All week the school was buzzing at the prospect of this year’s school disco. I was thirteen years old and in my last year at Arnold House. I went shopping with my mum for my outfit and ended up opting for a fluorescent red shirt. I can’t remember where we bought it; all I remember is that it glowed in the dark, and I truly believed that my increased visibility would give me the edge over my male rivals. One of my mother’s friend’s daughters, Jessica Taylor, was also going, so my mother organized her to be my ‘date’. Before you get excited and think I may have ‘pulled’ before I even got to the disco, let me just explain that Jessica was 6 foot 3 inches and had a thick moustache.

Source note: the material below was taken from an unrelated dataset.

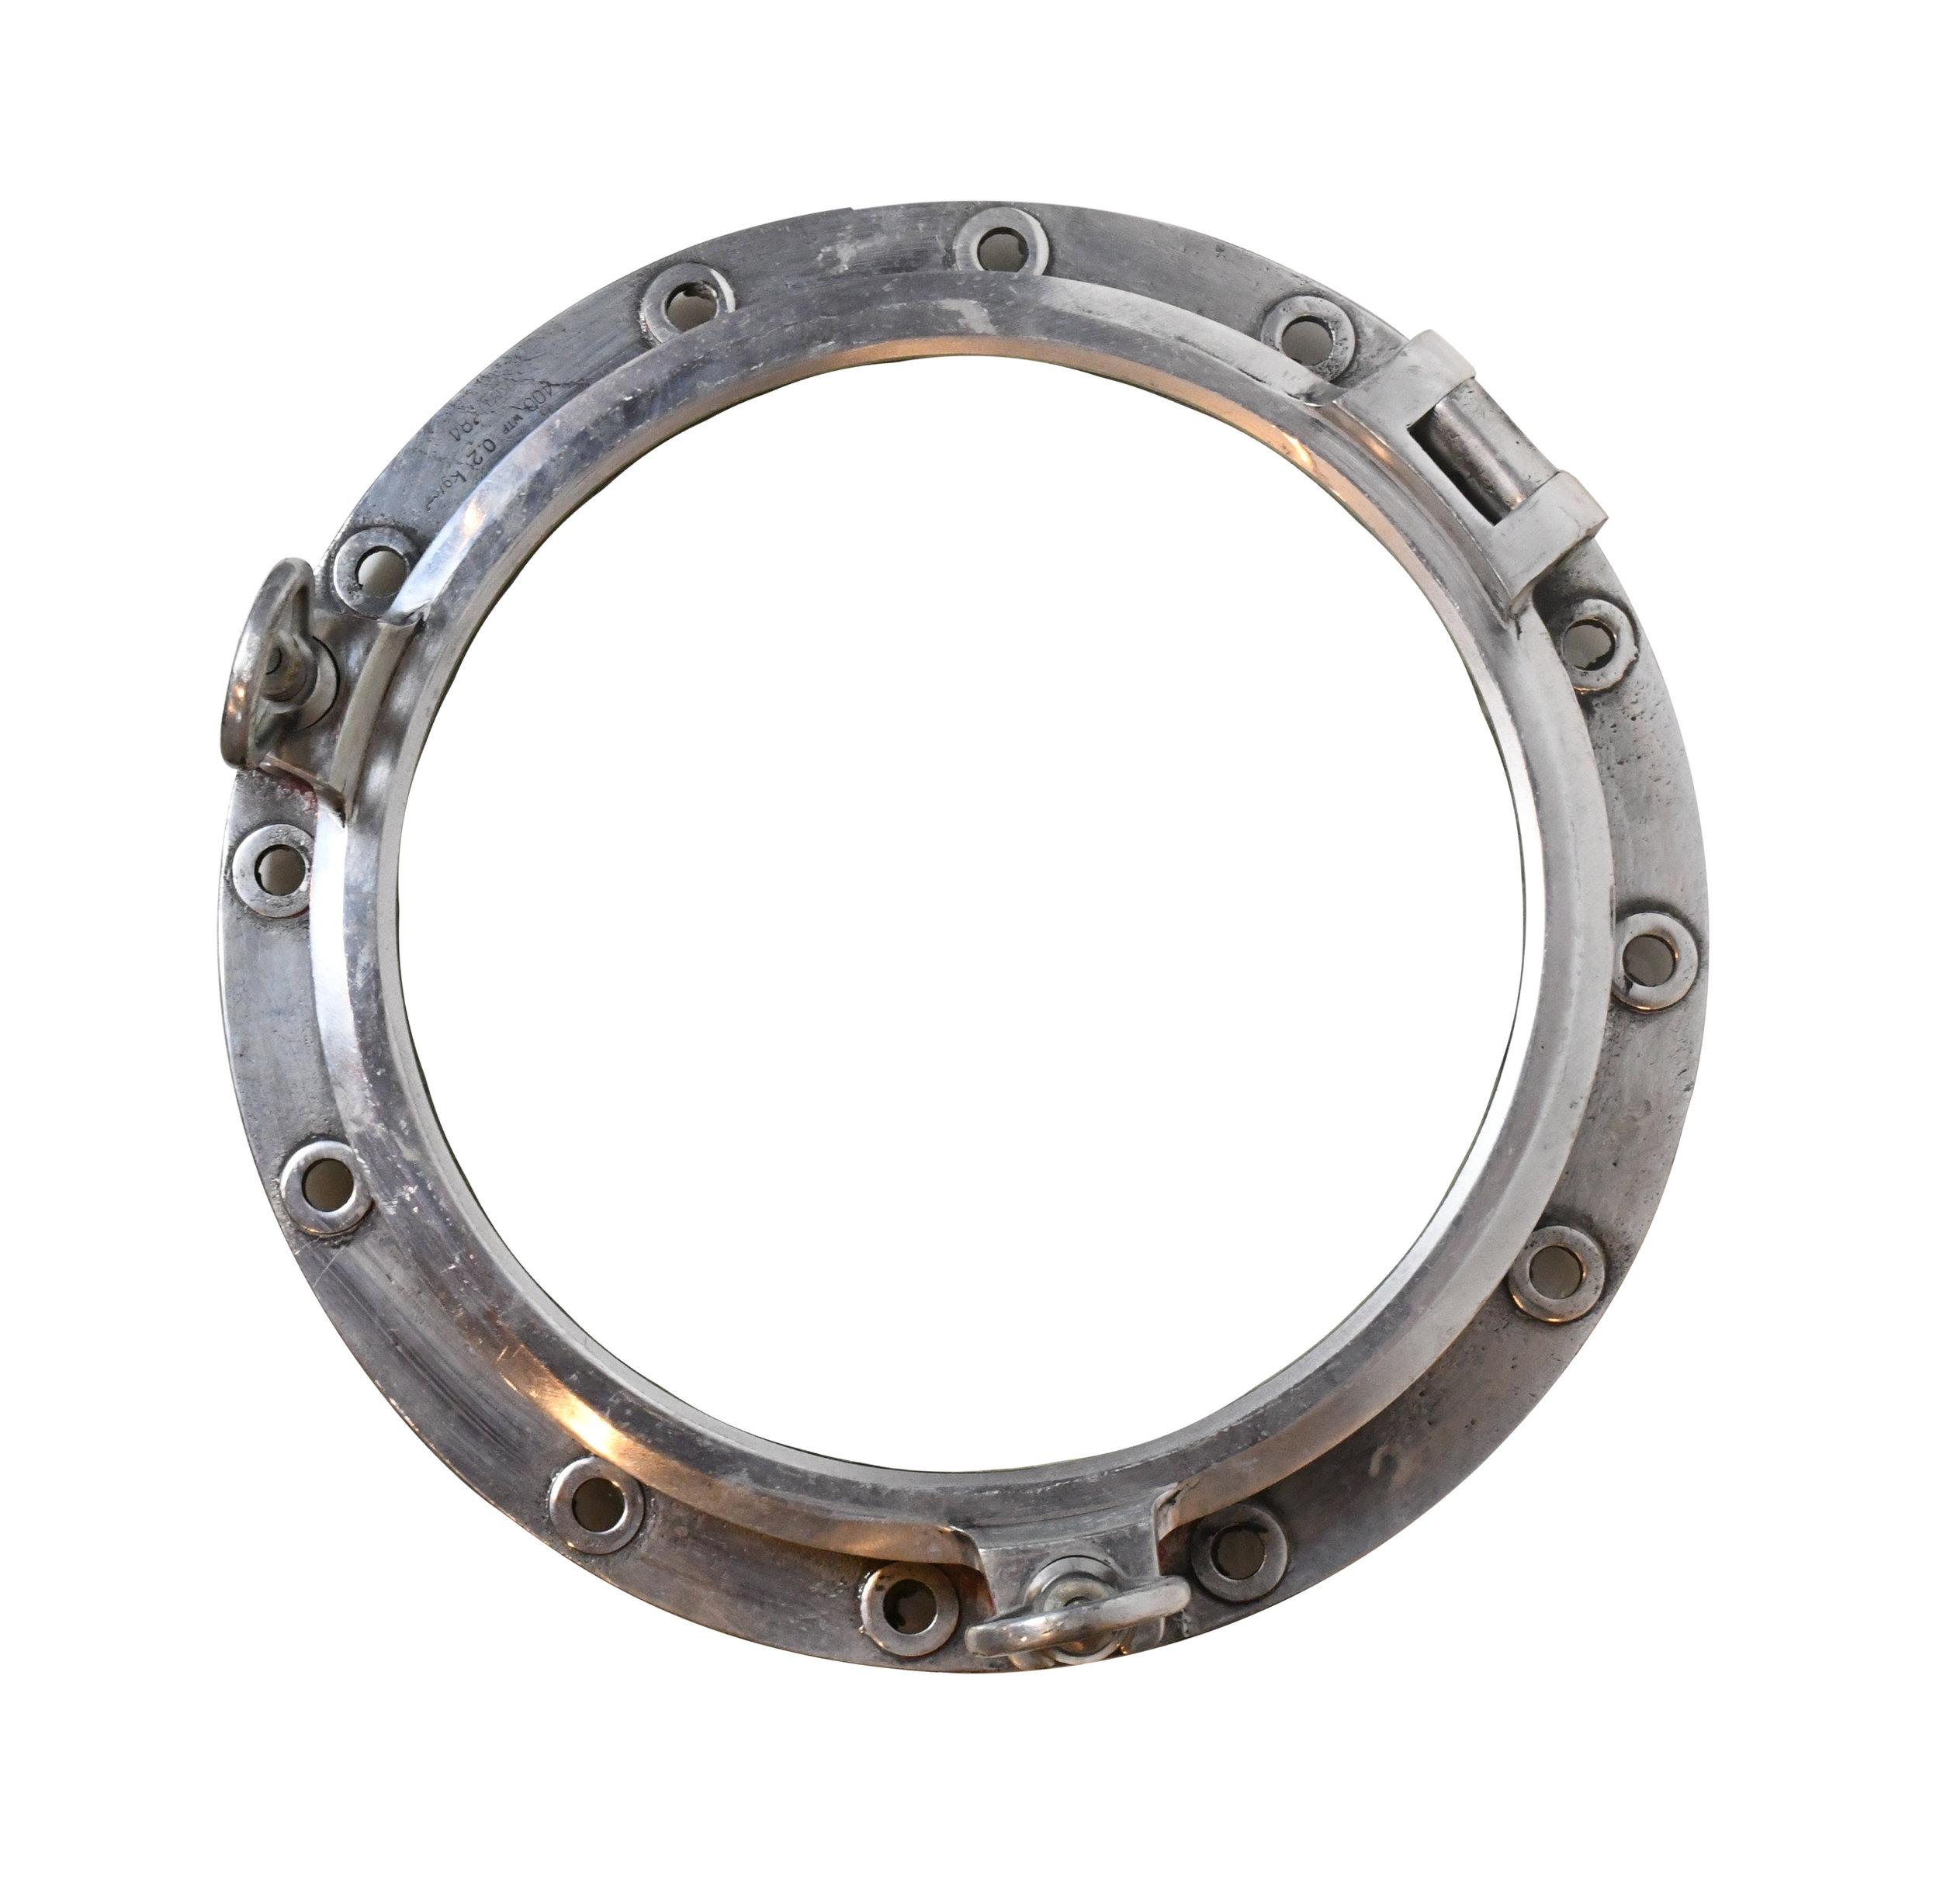 47470-porthole-nickle-plates-big-front-2.jpg

Steve had a new ‘company car’ that David Rosenberg had given him to replace the written-off BMW 6-Series. It was a black Ford Orion 1.6i with ‘new car’ smell. It was a balmy summer’s night, a perfect opportunity to use the sunroof which came as standard. Steve and I picked up my ‘date’, Jessica, and he chauffeured us to the disco. I sat in the back with my red shirt glowing, and Jessica sat in the front with her head sticking out of the sunroof, her moustache blowing in the warm wind.
It was so weird arriving at school at night. I looked at Lucy’s empty wall in the crepuscular (surely the most impressive word I’ve used so far. It basically means dim) light. I was so over her. As soon as I shake off Jessica, I’ll have the pick of all the girls in the Borough of Camden. Jessica and I put our coats away and nervously walked into my school gymnasium, the sound of Wham!’s ‘Wake Me Up Before You Go-Go’ getting louder with every step. The gym was unrecognizable; there was a glitter ball, flashing coloured lights, and smoke pumped out of a smoke machine. Nobody was dancing. All the boys were camped out in one corner and all the girls in the opposite corner. I looked up to Jessica’s face; the lights were reflecting off my fluorescent shirt making her moustache look like it was on fire. Almost in unison we said we wanted to find our friends. So we each took our places on our respective sides of the gym.